Physics – Condensed Matter – Disordered Systems and Neural Networks
Scientific paper
2004-08-29
Physics
Condensed Matter
Disordered Systems and Neural Networks
14 pages, 8 figures
Scientific paper
We demonstrate that the tail of transmission distribution through 1D disordered Anderson chain is a strong function of the correlation radius of the random potential, $a$, even when this radius is much shorter than the de Broglie wavelength, $k_F^{-1}$. The reason is that the correlation radius defines the phase volume of the trapping configurations of the random potential, which are responsible for the low-$T$ tail.
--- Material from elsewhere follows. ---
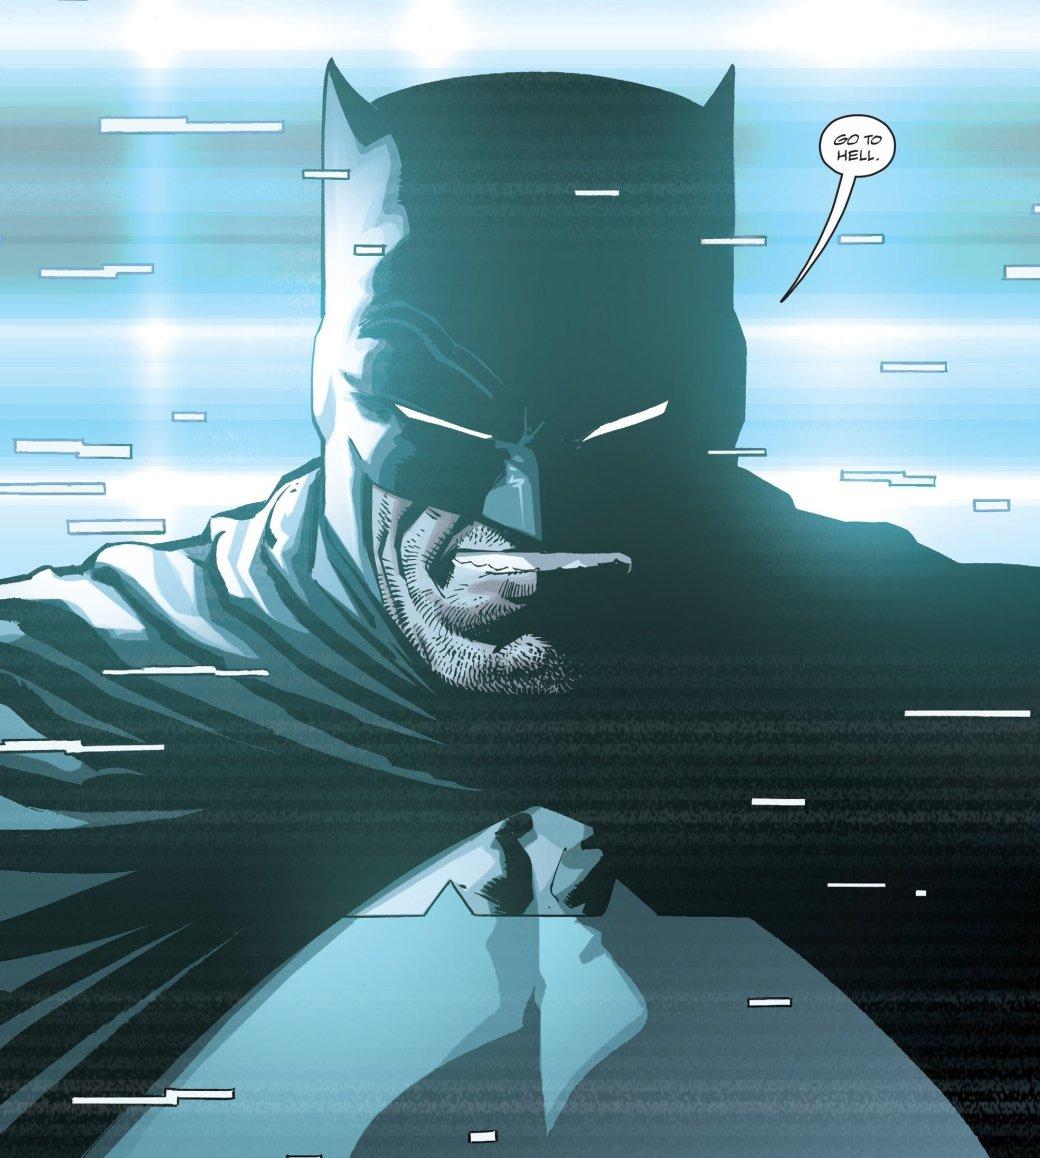 The Dark Knight: что нетак скомиксами Фрэнка Миллера про Бэтмена? | Канобу - Изображение 19

To see this, we perform the averaging over the low-$T$ disorder configurations by first introducing a finite lattice spacing $\sim a$, and then demonstrating that the prefactor in the corresponding functional integral is exponentially small and depends on $a$ even as $a \to 0$. Moreover, we demonstrate that this restriction of the phase volume leads to the dramatic change in the shape of the tail of ${\cal P}(\ln T)$ from universal Gaussian in $\ln T $ to a simple exponential (in $\ln T $) with exponent depending on $a$. Severity of the phase-volume restriction affects the shape of the low-$T$ disorder configurations transforming them from almost periodic (Bragg mirrors) to periodically-sign-alternating (loose mirrors).
Apalkov Vadim M.
Raikh Mikhail E.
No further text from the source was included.